Maturing autonomous vehicles

It goes without saying that autonomous vehicles have not reached the same level of maturity as Airbnb. They are still at the stage of doing things that don’t scale.

To my mind, the two things that don’t scale yet are cost and occasional manual intervention.

The cost of the electronics, and especially the lidar (except for Tesla which doesn’t use it) is probably way too high. Tesla proved that there is a market for a very high-priced entry into the market since their first offering was a two-seater roadster priced at around $100K sold more as a rich plaything. So in a sense, since there is a very limited market for $100K cars, this was something that didn’t scale. The strategy today for someone like Cruise is to get the technology to be great and then work at cost-reducing it. Of course, lidar suppliers like Velodyne are working on that part of the problem.

There is still a need for occasional manual intervention, as in the Cruise video. This scales to a few hundred taxis requiring occasional intervention. It does not scale to millions of cars. Of course, in some cases the person in the car is available. It is not clear whether “driver” or “passenger” is the best term for that person, they are blurring. But fully autonomous vehicles, even yours, may not always have you in it: it is coming or going from a parking lot, or driving to your kids’ school empty to pick them up. Or driving back with them in it, so although the vehicle is occupied there is nobody in it who can help in a “call a friend” situation.

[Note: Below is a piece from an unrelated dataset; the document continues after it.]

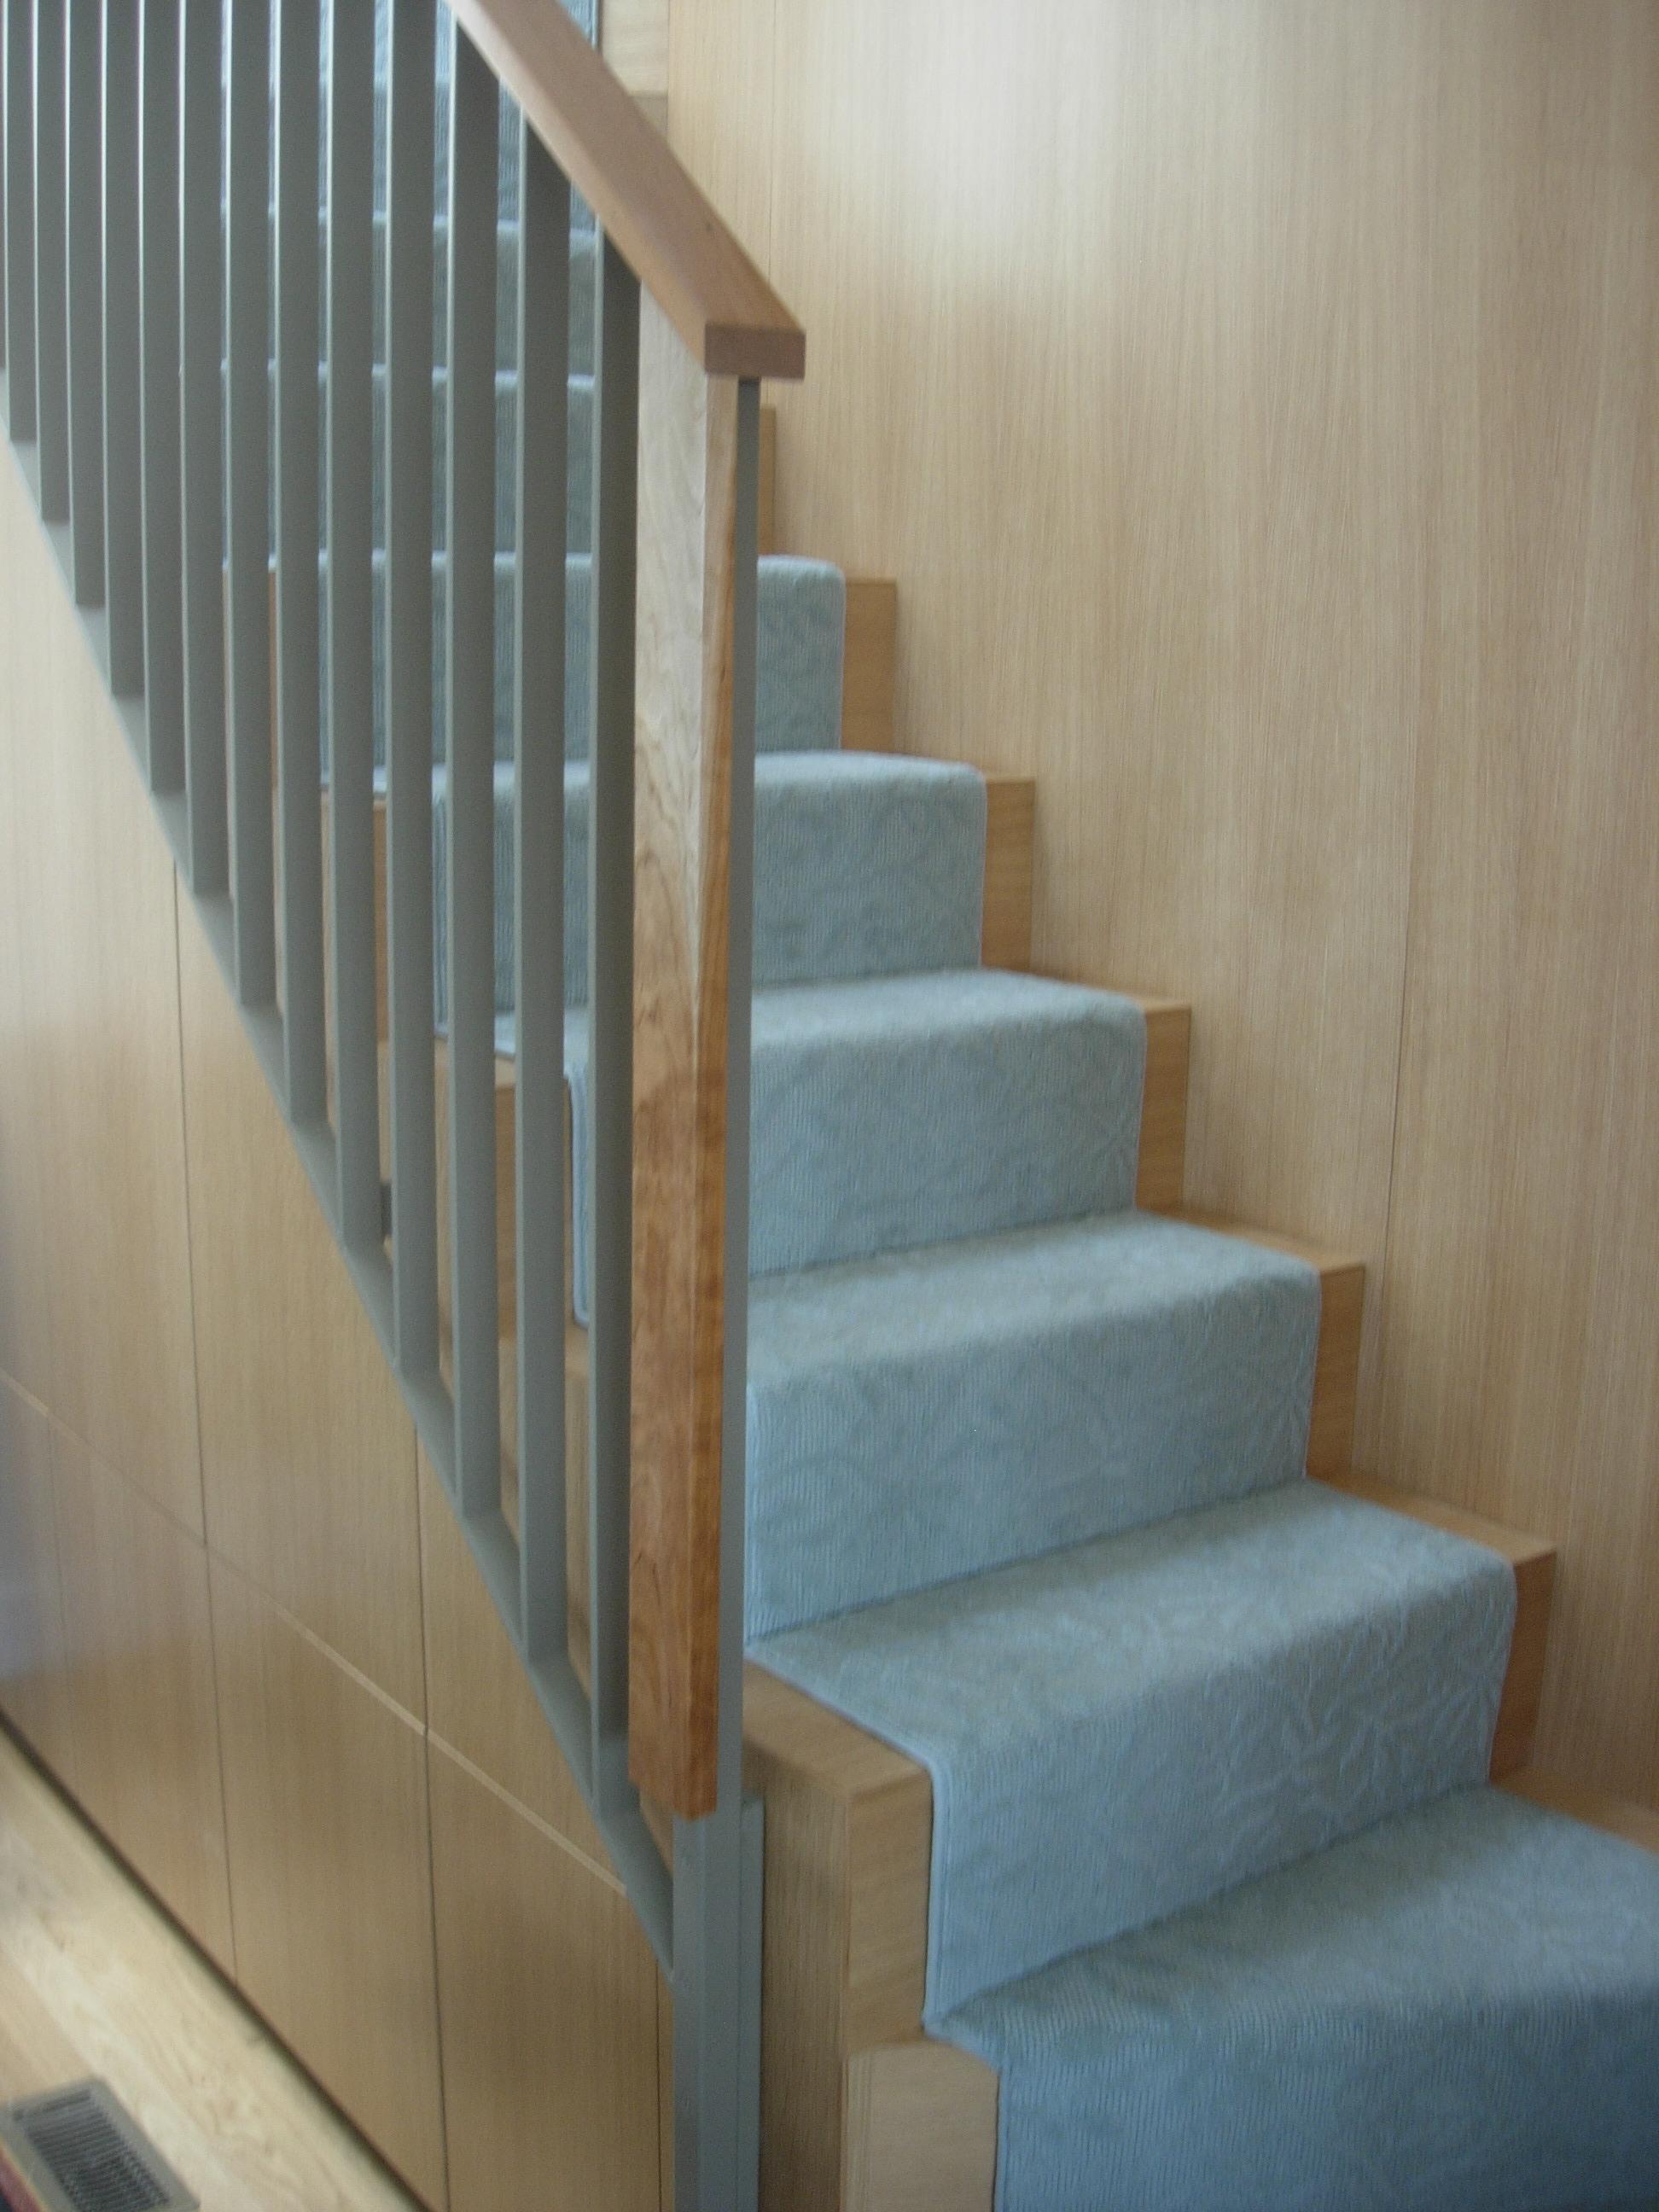 Loft stair railing

Obviously, two things have to happen to make this more scalable: the cost has to come down, and manual intervention needs to drop to close to zero. But the basic driving technology is getting tantalizingly close.

I’ve tried it

I’ve ridden in a driverless taxi in Las Vegas during DAC 2019. The vehicle was an Aptiv BMW. Unfortunately, I was not allowed to take any pictures inside the vehicle, just outside as you can see.

The main display was similar to the top half of the cruise video. There is no need to show the video from the front of the vehicle since you can just look out of the windshield. The vehicle did have a safety driver, unlike those Waymo taxis in Phoenix. I don’t know if the Cruise vehicle in the video had a safety driver. It had to get offline help to get around construction, as you saw if you watched the video, but that was not from inside the vehicle.